Constant Summary collapse

FILENAME_EXTENSIONS = This array contains all filename extensions used by Lucene’s index files, with one exception, namely the extension made up from .f + a number. Also note that two of Lucene’s files (deletable and segments) don’t have any filename extension.

["cfs",
"fnm",
"fdx",
"fdt",
"tii",
"tis",
"frq",
"prx",
"del",
"tvx",
"tvd",
"tvf",
"tvp"]

Instance Attribute Summary collapse

#directory ⇒ Object readonly

Returns the value of attribute directory.

Class Method Summary collapse

.get_current_version(directory) ⇒ Object

Reads version number from segments files.
.index_exists?(directory) ⇒ Boolean

Returns true if an index exists at the specified directory.
.open(directory, close_directory = true, infos = nil) ⇒ Object

Returns an index reader to read the index in the directory.

Instance Method Summary collapse

#acquire_write_lock ⇒ Object

Tries to acquire the WriteLock on this directory.
#close ⇒ Object

Closes files associated with this index.
#commit ⇒ Object

Commit changes resulting from delete, undelete_all, or set_norm operations.
#delete(doc_num) ⇒ Object

Deletes the document numbered doc_num.
#delete_docs_with_term(term) ⇒ Object

Deletes all documents containing term.
#deleted?(n) ⇒ Boolean

Returns true if document n has been deleted.
#do_delete(doc_num) ⇒ Object

Implements deletion of the document numbered doc_num.
#do_set_norm(doc, field, value) ⇒ Object

Implements set_norm in subclass.
#doc_freq(t) ⇒ Object

Returns the number of documents containing the term t.
#get_document(n) ⇒ Object

Returns the stored fields of the n<sup>th</sup> Document in this index.
#get_document_with_term(term) ⇒ Object

Returns the first document with the term term.
#get_norms(field, bytes = nil, offset = nil) ⇒ Object

Returns the byte-encoded normalization factor for the named field of every document.
#get_term_vector(doc_number, field) ⇒ Object

Return a term vector for the specified document and field.
#get_term_vectors(doc_number) ⇒ Object

Return an array of term vectors for the specified document.
#has_deletions? ⇒ Boolean

Returns true if any documents have been deleted.
#initialize(directory, segment_infos = nil, close_directory = false, directory_owner = false) ⇒ IndexReader constructor

To create an IndexReader use the IndexReader.open method.
#latest? ⇒ Boolean

Returns true if the reader is reading from the latest version of the index.
#max_doc ⇒ Object

Returns one greater than the largest possible document number.
#num_docs ⇒ Object

Returns the number of documents in this index.
#set_norm(doc, field, value) ⇒ Object

Expert: Resets the normalization factor for the named field of the named document.
#term_docs ⇒ Object

Returns an unpositioned TermDocEnum enumerator.
#term_docs_for(term) ⇒ Object

Returns an enumeration of all the documents which contain term.
#term_positions ⇒ Object

Returns an unpositioned @link TermDocPosEnumendenumerator.
#term_positions_for(term) ⇒ Object

Returns an enumeration of all the documents which contain term.
#terms ⇒ Object

Returns an enumeration of all the terms in the index.
#terms_from(t) ⇒ Object

Returns an enumeration of all terms after a given term.
#undelete_all ⇒ Object

Undeletes all documents currently marked as deleted in this index.

Constructor Details

#initialize(directory, segment_infos = nil, close_directory = false, directory_owner = false) ⇒ `IndexReader`

To create an IndexReader use the IndexReader.open method. This method should only be used by subclasses.

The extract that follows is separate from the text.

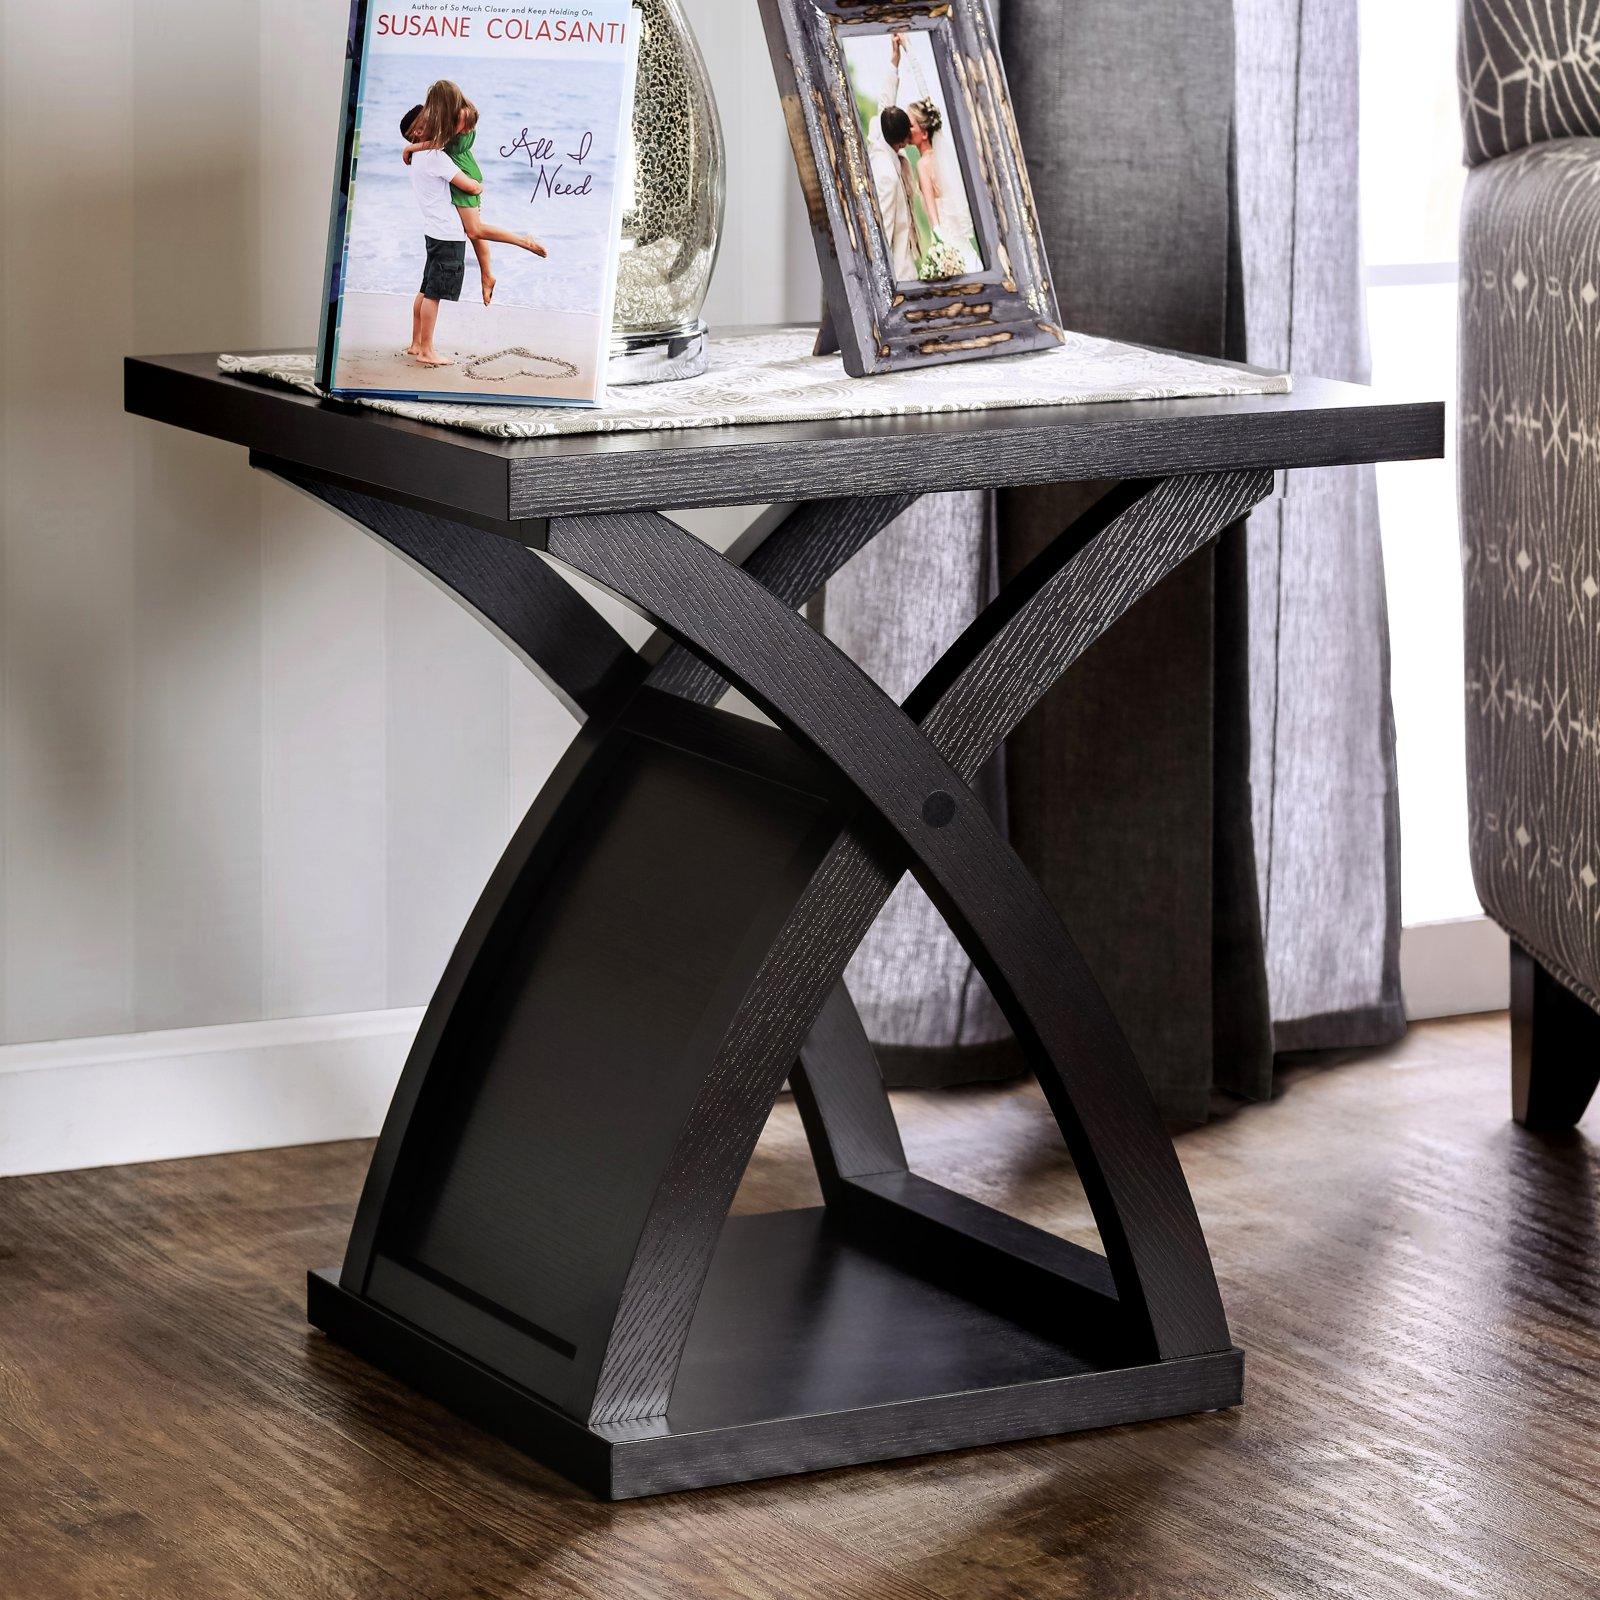 Furniture of America Monte Accent End Table - Espresso

directory: Directory where IndexReader files reside.
segment_infos: Used for write-l
close_directory: close the directory when the index reader is closed

# File 'lib/ferret/index/index_reader.rb', line 71

def initialize(directory, segment_infos = nil,
               close_directory = false, directory_owner = false)
  super()
  @directory = directory
  @close_directory = close_directory
  @segment_infos = segment_infos
  @directory_owner = directory_owner

  @has_changes = false
  @stale = false
  @write_lock = nil

  #ObjectSpace.define_finalizer(self, lambda { |id| @write_lock.release() if @write_lock})
end

Instance Attribute Details

#directory ⇒ `Object` (readonly)

Returns the value of attribute directory.



40
41
42

# File 'lib/ferret/index/index_reader.rb', line 40

def directory
  @directory
end

Class Method Details

.get_current_version(directory) ⇒ `Object`

Reads version number from segments files. The version number counts the number of changes of the index.

directory: where the index resides.
returns: version number.
raises: IOError if segments file cannot be read.



130
131
132

# File 'lib/ferret/index/index_reader.rb', line 130

def IndexReader.get_current_version(directory)
  return SegmentInfos.read_current_version(directory)
end

.index_exists?(directory) ⇒ `Boolean`

Returns true if an index exists at the specified directory. If the directory does not exist or if there is no index in it.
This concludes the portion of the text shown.